◆ EXERCISE DIRECTIONS: Every entry below is to be retyped exactly as it stands.

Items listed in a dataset
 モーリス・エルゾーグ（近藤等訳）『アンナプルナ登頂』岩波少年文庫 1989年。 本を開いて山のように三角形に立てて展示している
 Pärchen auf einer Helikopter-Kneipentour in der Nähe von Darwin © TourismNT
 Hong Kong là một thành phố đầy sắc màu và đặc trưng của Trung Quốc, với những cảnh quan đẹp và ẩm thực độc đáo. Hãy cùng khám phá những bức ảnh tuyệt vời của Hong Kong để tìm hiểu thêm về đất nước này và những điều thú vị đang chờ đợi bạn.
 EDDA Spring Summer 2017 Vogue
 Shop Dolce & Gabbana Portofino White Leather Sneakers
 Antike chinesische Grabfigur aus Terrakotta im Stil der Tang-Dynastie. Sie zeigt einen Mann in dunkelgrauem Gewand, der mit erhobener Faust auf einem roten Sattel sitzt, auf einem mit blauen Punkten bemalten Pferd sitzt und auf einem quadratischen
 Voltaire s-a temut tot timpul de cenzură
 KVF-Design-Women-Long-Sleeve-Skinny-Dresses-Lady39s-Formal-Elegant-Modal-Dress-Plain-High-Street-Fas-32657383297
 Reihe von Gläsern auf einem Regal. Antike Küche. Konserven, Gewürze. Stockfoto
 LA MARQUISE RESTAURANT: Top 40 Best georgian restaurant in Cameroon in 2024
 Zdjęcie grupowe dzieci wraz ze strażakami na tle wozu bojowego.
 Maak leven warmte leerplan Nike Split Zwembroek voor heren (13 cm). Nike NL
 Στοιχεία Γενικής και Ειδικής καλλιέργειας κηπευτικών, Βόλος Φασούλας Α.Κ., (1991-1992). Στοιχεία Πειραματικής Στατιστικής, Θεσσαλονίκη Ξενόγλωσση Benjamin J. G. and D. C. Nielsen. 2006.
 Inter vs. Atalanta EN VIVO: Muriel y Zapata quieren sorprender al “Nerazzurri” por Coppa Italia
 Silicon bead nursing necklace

◆ ANSWER AREA:
 モーリス・エルゾーグ（近藤等訳）『アンナプルナ登頂』岩波少年文庫 1989年。 本を開いて山のように三角形に立てて展示している
 Pärchen auf einer Helikopter-Kneipentour in der Nähe von Darwin © TourismNT
 Hong Kong là một thành phố đầy sắc màu và đặc trưng của Trung Quốc, với những cảnh quan đẹp và ẩm thực độc đáo. Hãy cùng khám phá những bức ảnh tuyệt vời của Hong Kong để tìm hiểu thêm về đất nước này và những điều thú vị đang chờ đợi bạn.
 EDDA Spring Summer 2017 Vogue
 Shop Dolce & Gabbana Portofino White Leather Sneakers
 Antike chinesische Grabfigur aus Terrakotta im Stil der Tang-Dynastie. Sie zeigt einen Mann in dunkelgrauem Gewand, der mit erhobener Faust auf einem roten Sattel sitzt, auf einem mit blauen Punkten bemalten Pferd sitzt und auf einem quadratischen
 Voltaire s-a temut tot timpul de cenzură
 KVF-Design-Women-Long-Sleeve-Skinny-Dresses-Lady39s-Formal-Elegant-Modal-Dress-Plain-High-Street-Fas-32657383297
 Reihe von Gläsern auf einem Regal. Antike Küche. Konserven, Gewürze. Stockfoto
 LA MARQUISE RESTAURANT: Top 40 Best georgian restaurant in Cameroon in 2024
 Zdjęcie grupowe dzieci wraz ze strażakami na tle wozu bojowego.
 Maak leven warmte leerplan Nike Split Zwembroek voor heren (13 cm). Nike NL
 Στοιχεία Γενικής και Ειδικής καλλιέργειας κηπευτικών, Βόλος Φασούλας Α.Κ., (1991-1992). Στοιχεία Πειραματικής Στατιστικής, Θεσσαλονίκη Ξενόγλωσση Benjamin J. G. and D. C. Nielsen. 2006.
 Inter vs. Atalanta EN VIVO: Muriel y Zapata quieren sorprender al “Nerazzurri” por Coppa Italia
 Silicon bead nursing necklace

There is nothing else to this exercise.